Les deux hommes leur jetèrent un dernier regard depuis le bas des marches. Quand ils les avaient rencontrées, elles étaient deux adolescentes descendant un escalier en robes de bal, et iraient pourchasser un terroriste dans un combat à mort quelques heures plus tard. Ils les quittaient, de nouveau en bas d'une volée de marches, dix ans plus tard, devenus des adultes. Les deux femmes ne portaient pas de robes, mais de vieilles blouses médicales, et leurs cheveux n'étaient plus bien coiffés, mais se laissaient peigner par le vent qui balayait la prairie. La vie les avait tous meurtris, leur avait parfois volé beaucoup, mais au final, c'était devenir adulte. Les fantômes de l'enfance ne rivalisaient pas avec les horreurs du vrai. Quitter un monde de rêves pour entrer dans celui de la douleur.

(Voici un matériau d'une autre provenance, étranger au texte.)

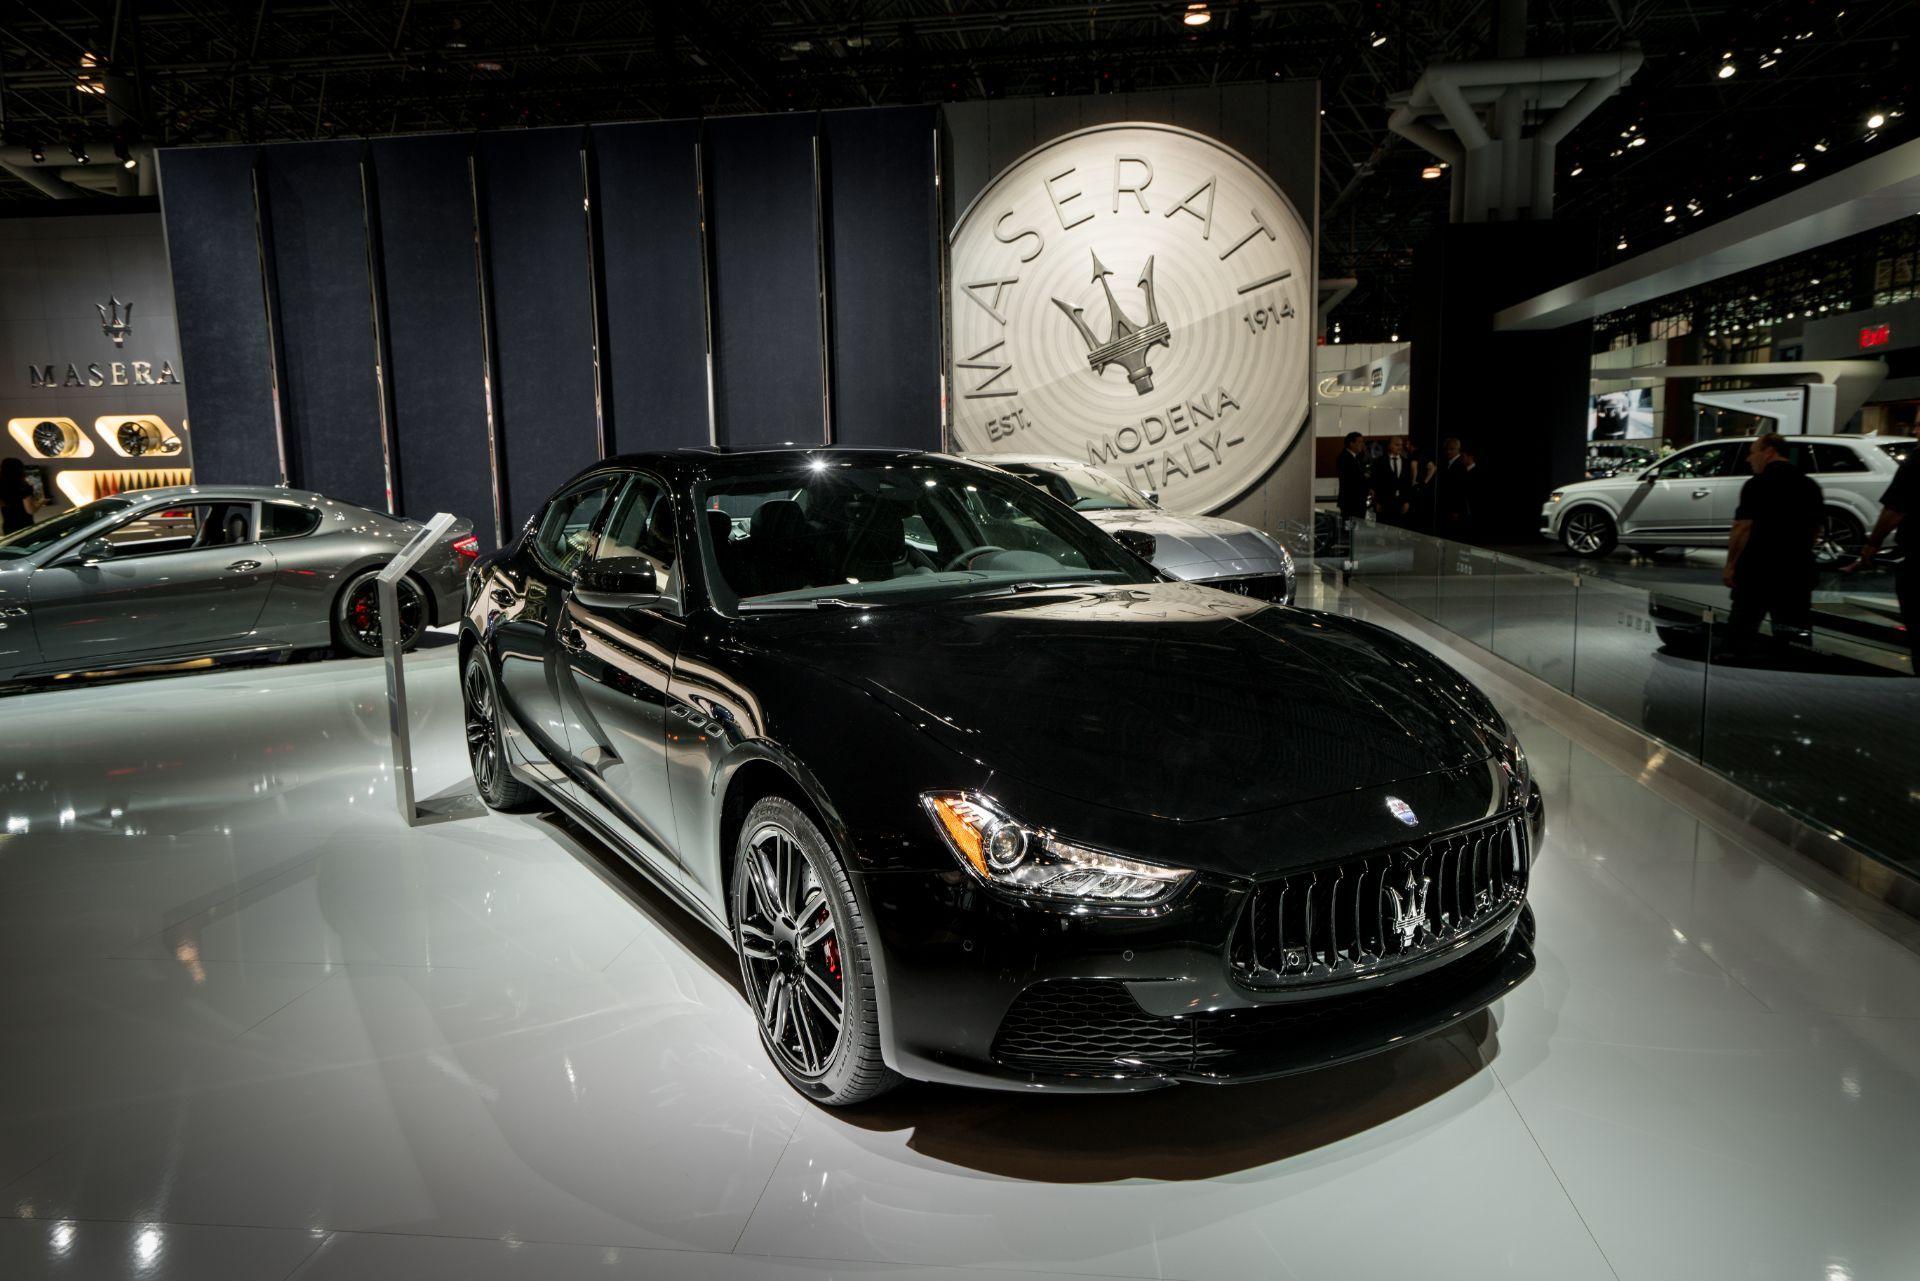 """Maserati revela la edición especial Ghibli """"Nerissimo"""" en el Salón Internacional del Automóvil de Nueva York"""
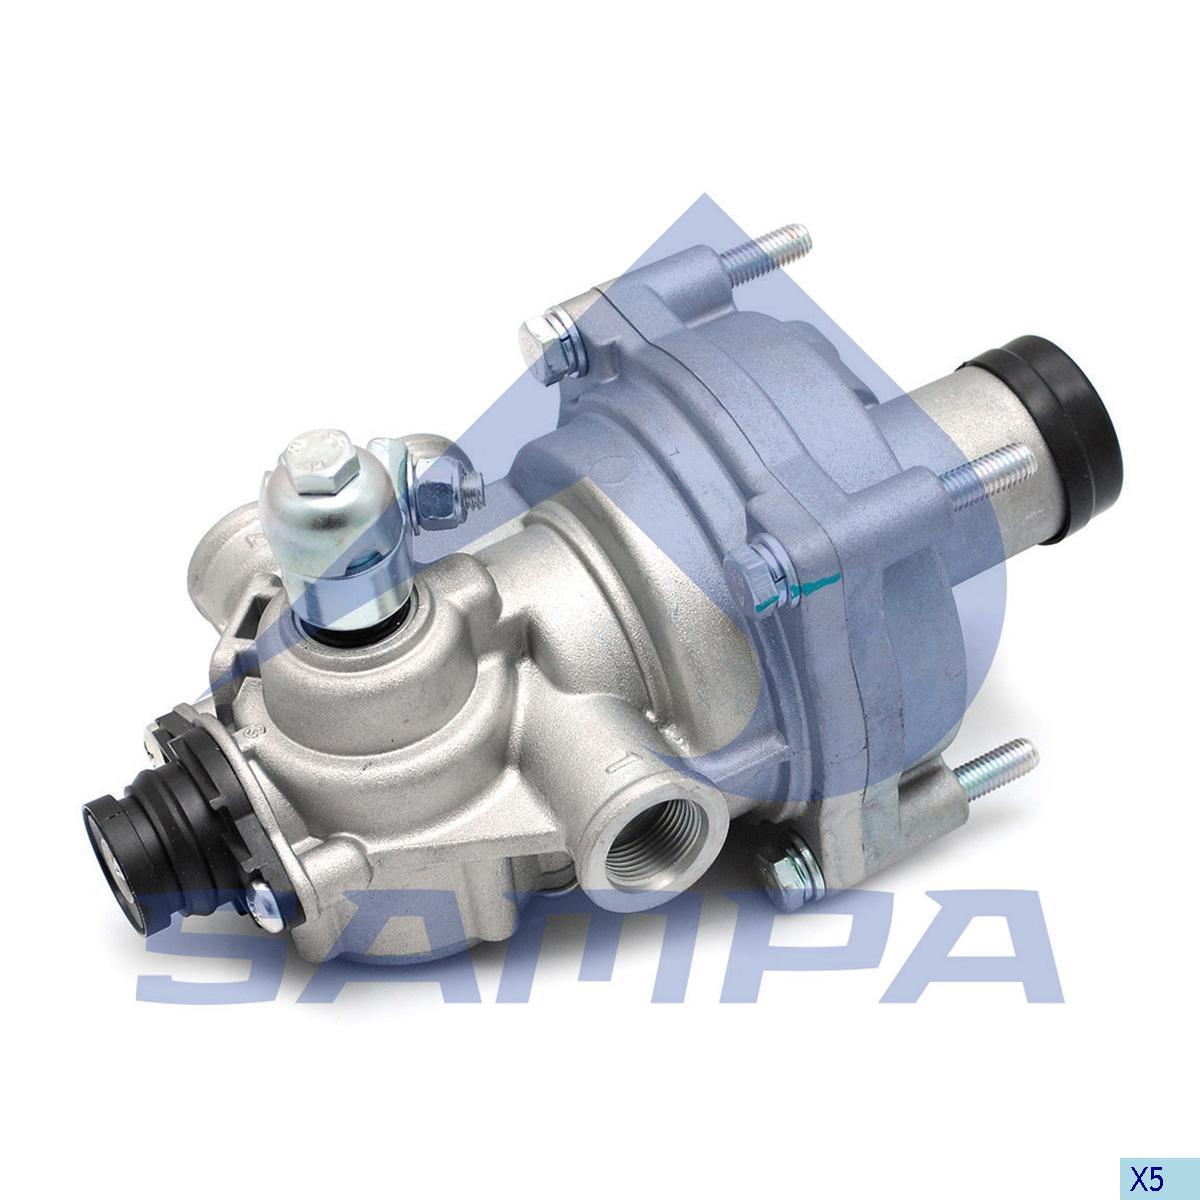 Brake Pressure Regulator, Mercedes, Compressed Air System

Mais aussi goûter à un bonheur plus grand, réel cette fois.
Celui d'une vie qu'ils vivraient pleinement.
Alors que les deux femmes regardaient les militaires disparaître à l'horizon, qu'Harlock essayait d'essuyer une crise cardiaque suite aux baisers qu'avaient échangé ses pupilles avec ces deux horribles voleurs d'enfants, et que le vent de la liberté leur soufflait à tous les chemins qu'ils pouvaient emprunter, le moteur de l'Arcadia se mit à ronronner, et on crut entendre le rire si particulier d'un ami, d'un père, mort bien longtemps auparavant, mais qui ne cessait de veiller sur eux depuis son ordinateur.
- Sh-sh-sh-sh …
Petit post-scriptum sur l'onomastique :
Parce que je suis folle et que je vais chercher beaucoup trop loin pour les pseudos de Tadashi
Tadashi s'écrit avec le kanji正 qui signifie « juste, honnête », d'où Justin ; Daiba se décompose en deux caractères 台羽 : le premier se lit « dai », se traduit par « socle, support », et correspond au S majuscule ; seul, le deuxième ne se lit pas du tout « ba » mais « ha » ou « hane » et signifie « plume ». Comme c'était un peu moche de l'appeler Justin Plume, je trouvais mignon de traduire en allemand le nom de famille, ce qui donne Feder, et qui tout à coup, est bien plus joli.